Modulating molecular interactions in pea protein to improve its functional properties

Authors: SHEN, YANTING - KANSAS STATE UNIVERSITY; WU, XIAORONG; LI, YONGHUI - KANSAS STATE UNIVERSITY

Submitted to: Food Hydrocolloids
Publication Type: Peer Reviewed Journal
Publication Acceptance Date: 5/2/2022
Publication Date: 5/6/2022
Citation: Shen, Y., Wu, X., Li, Y. 2022. Modulating molecular interactions in pea protein to improve its functional properties. Food Hydrocolloids. 8. Article 100313. https://doi.org/10.1016/j.jafr.2022.100313.
DOI: https://doi.org/10.1016/j.jafr.2022.100313

Interpretive Summary: Natural proteins exist in numerous structural arrangements, which are stabilized by various inter- and intra-molecular interactions. many factors (physical, chemical, & biological), such as sodium sulfite, urea, sodium dodecyl sulfate (SDS), and trypsin can interfere with those interaction and thus alter protein's structures and functional properties. The objectives of this study were to investigate the functional properties of pea protein isolate in terms of water/oil holding capacity, emulsifying and foaming properties, solubility, and gelation by modulating protein covalent and non-covalent interactions, to better understand the physicochemical features of the unfolded pea proteins related to their functional changes and potential food applications. Solubility of all the denatured proteins in this study increased significantly. Both urea and SDS unfolded proteins had higher water and oil holding capacity compared to the untreated control pea protein. The proteins unfolded with urea or SDS also showed better emulsification properties. The trypsin hydrolyzed protein exhibited the best foaming capacity and gelation properties among all the treatments. Principal component analysis indicated strong associations between molecular interactions and protein's functional and physicochemical properties.

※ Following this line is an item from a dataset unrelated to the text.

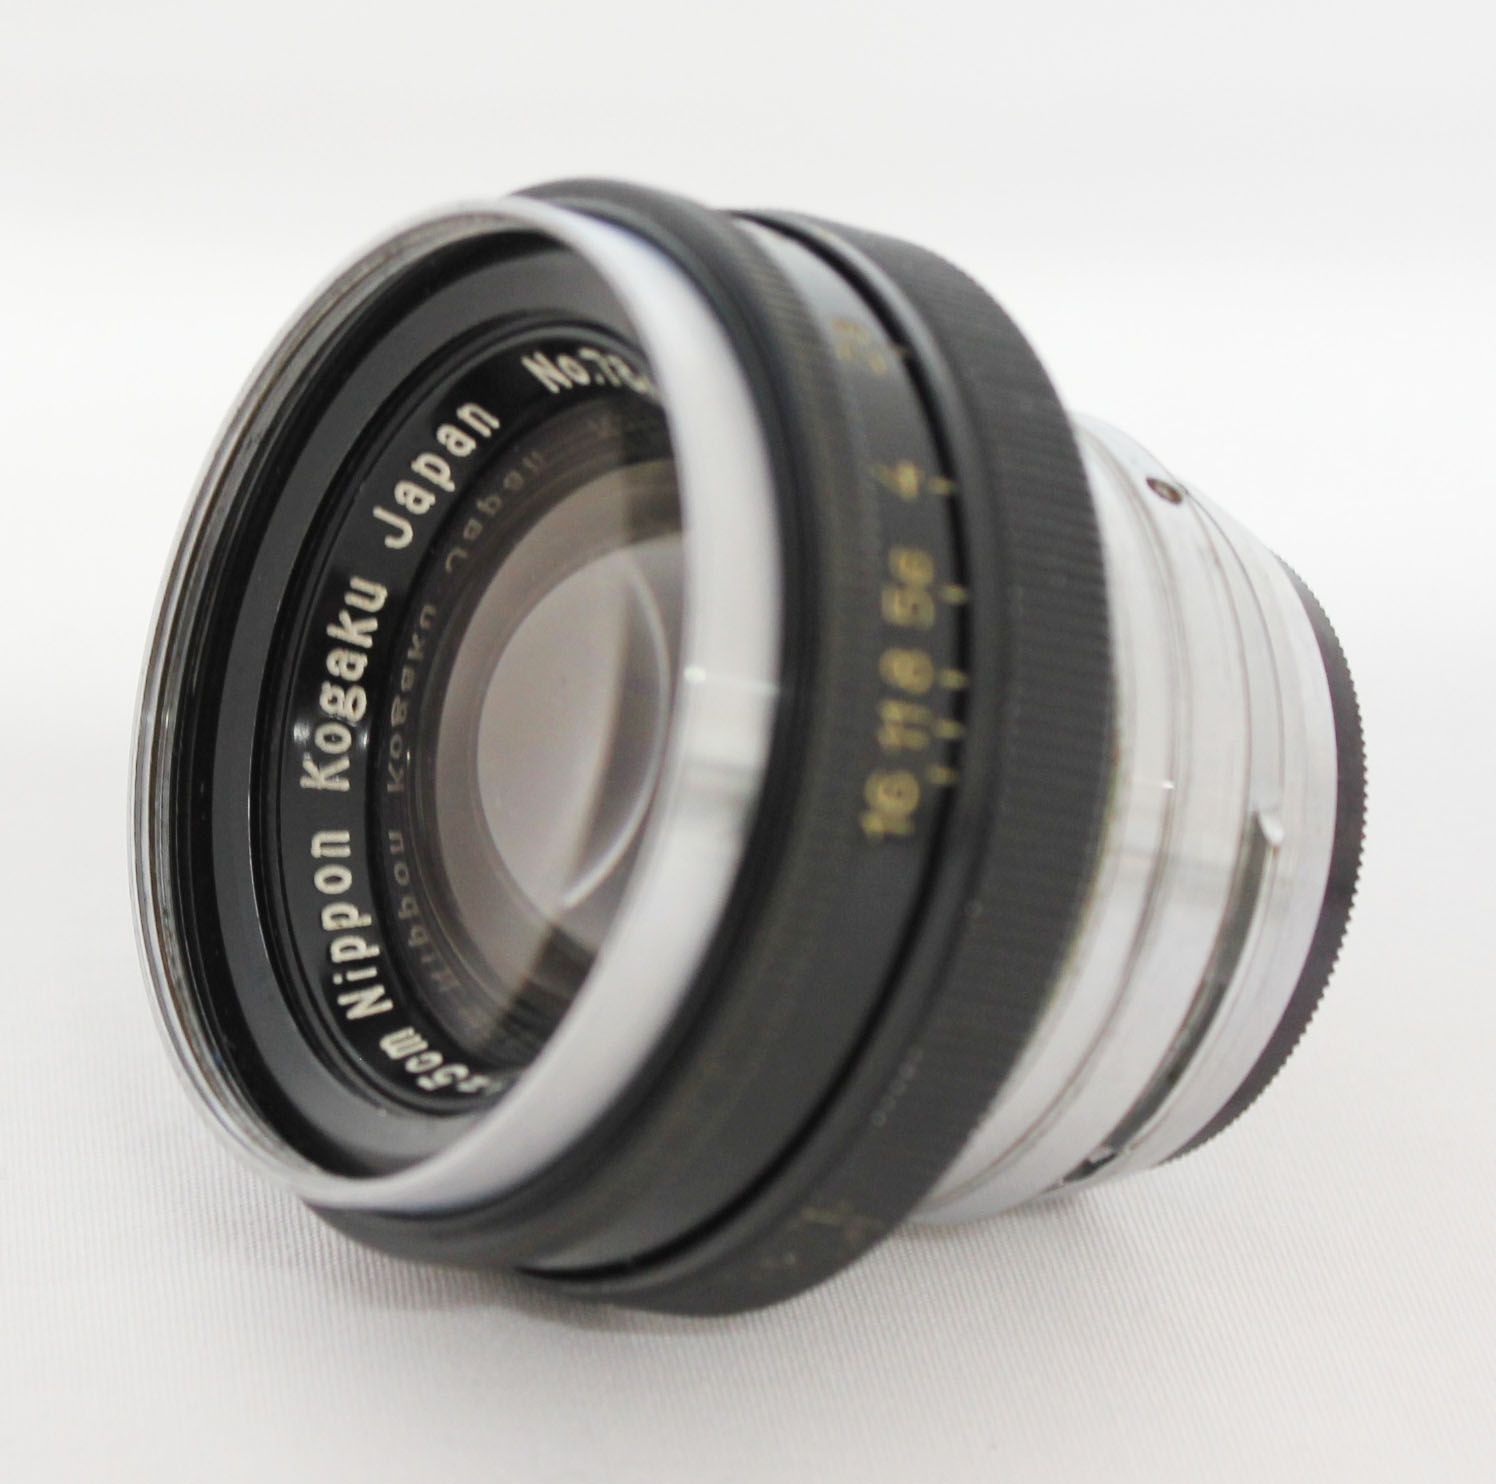  Nippon Kogaku Nikkor-H.C 5cm 50mm F/2 Lens for Nikon S Mount from Japan Photo 1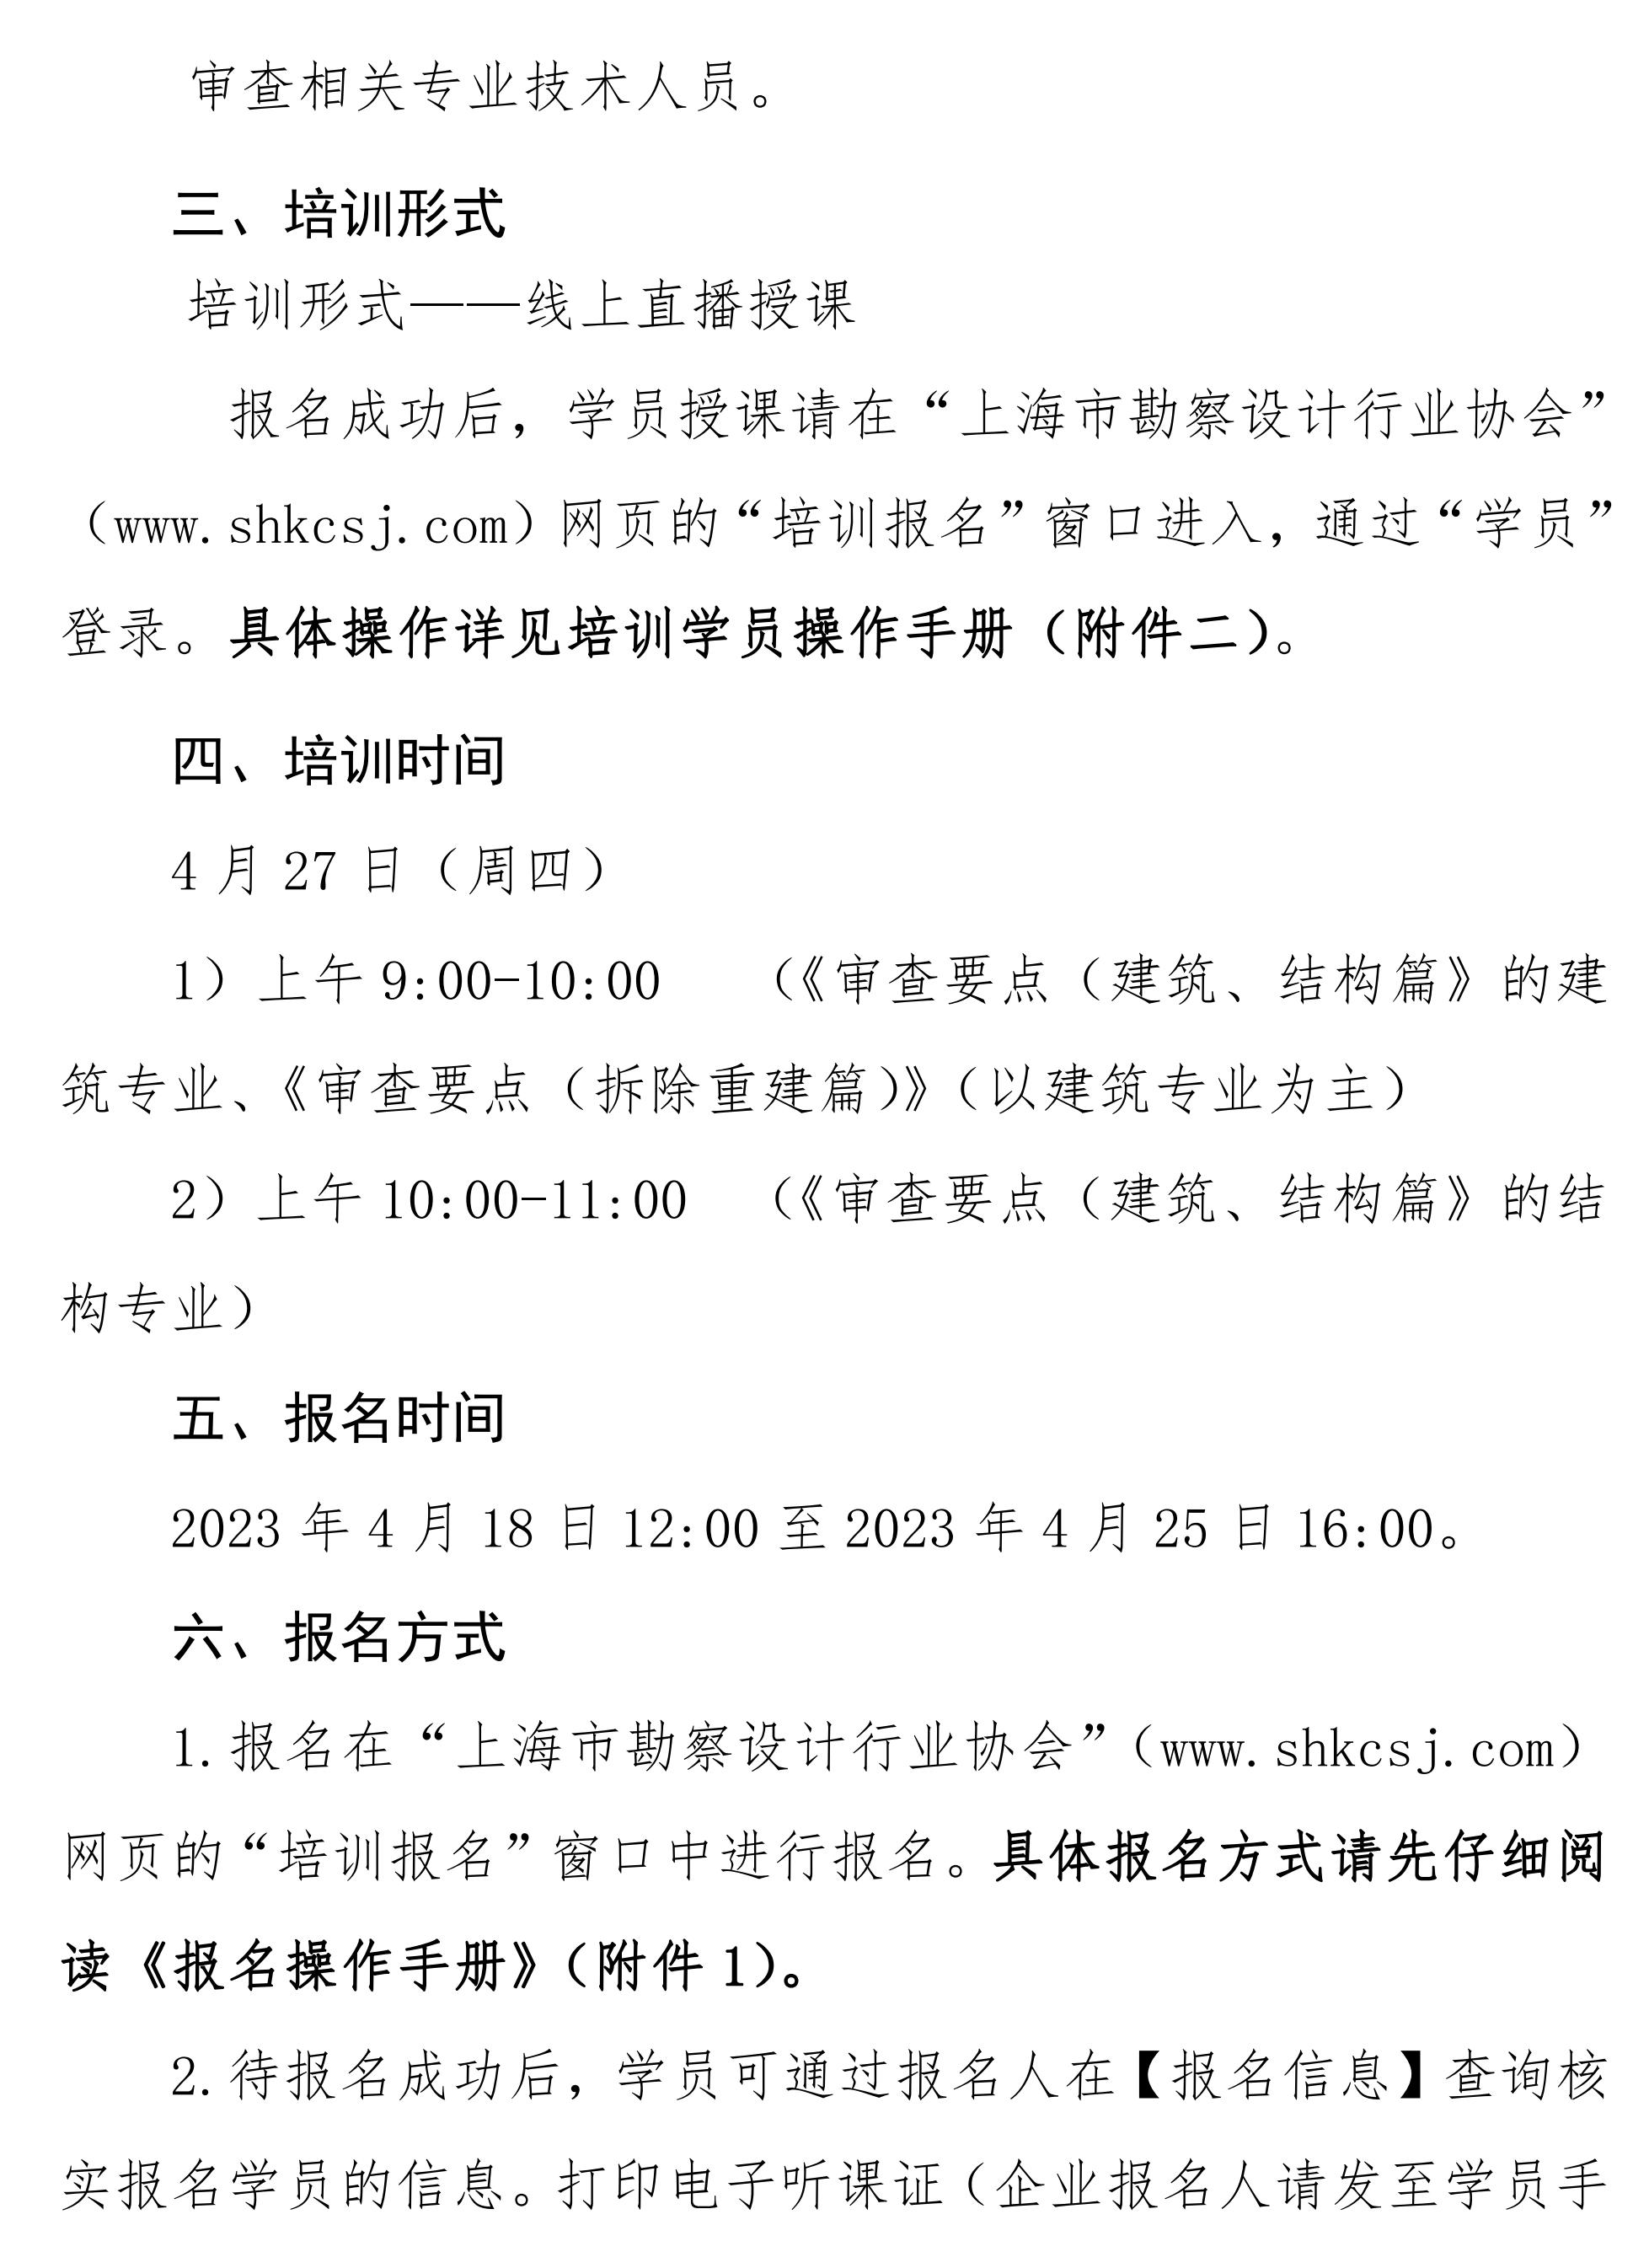 沪勘设培〔2023〕6号 -- 关于《上海市房屋建筑工程施工图设计文件技术审查要点（3.0版）（建筑、结构篇）》及《上海市旧住房成套改造项目施工图设计文件技术审查要点》技术培训的通知2_02.jpg

Technical Abstract: Proteins exist in numerous spatial arrangements and are stabilized by various inter- and intra-molecular forces. Different denaturants such as sodium sulfite, urea, sodium dodecyl sulfate (SDS), and trypsin can interfere with protein molecule interactions, particularly disulfide bond, hydrogen bond, hydrophobic interaction, and peptide bond, respectively, which further alters protein secondary and tertiary structures and functional properties. The objectives of this study were to investigate the functional properties of pea protein isolate in terms of water/oil holding capacity, emulsifying and foaming properties, solubility, and gelation by modulating protein covalent and non-covalent interactions and understand the physicochemical characteristics (e.g., free amino group, free sulfhydryl, surface hydrophobicity, SDS-PAGE profile, secondary structures) of the unfolded pea proteins that are responsible for the functional changes. All the denatured proteins possessed significantly increased solubility. Both urea and SDS unfolded proteins had significantly higher water holding capacity and oil holding capacity with up to 5.01 and 5.09 g H2O /g, and 3.06 and 2.84 g oil /g compared with the control pea protein (4.12 and 1.29 g), respectively. The proteins unfolded with urea or SDS also showed improved emulsification properties. The trypsin hydrolyzed protein exhibited the highest foaming capacity and better gelation properties among all the treatments. Principal component analysis indicated strong associations between protein functional and physicochemical properties and molecular interactions.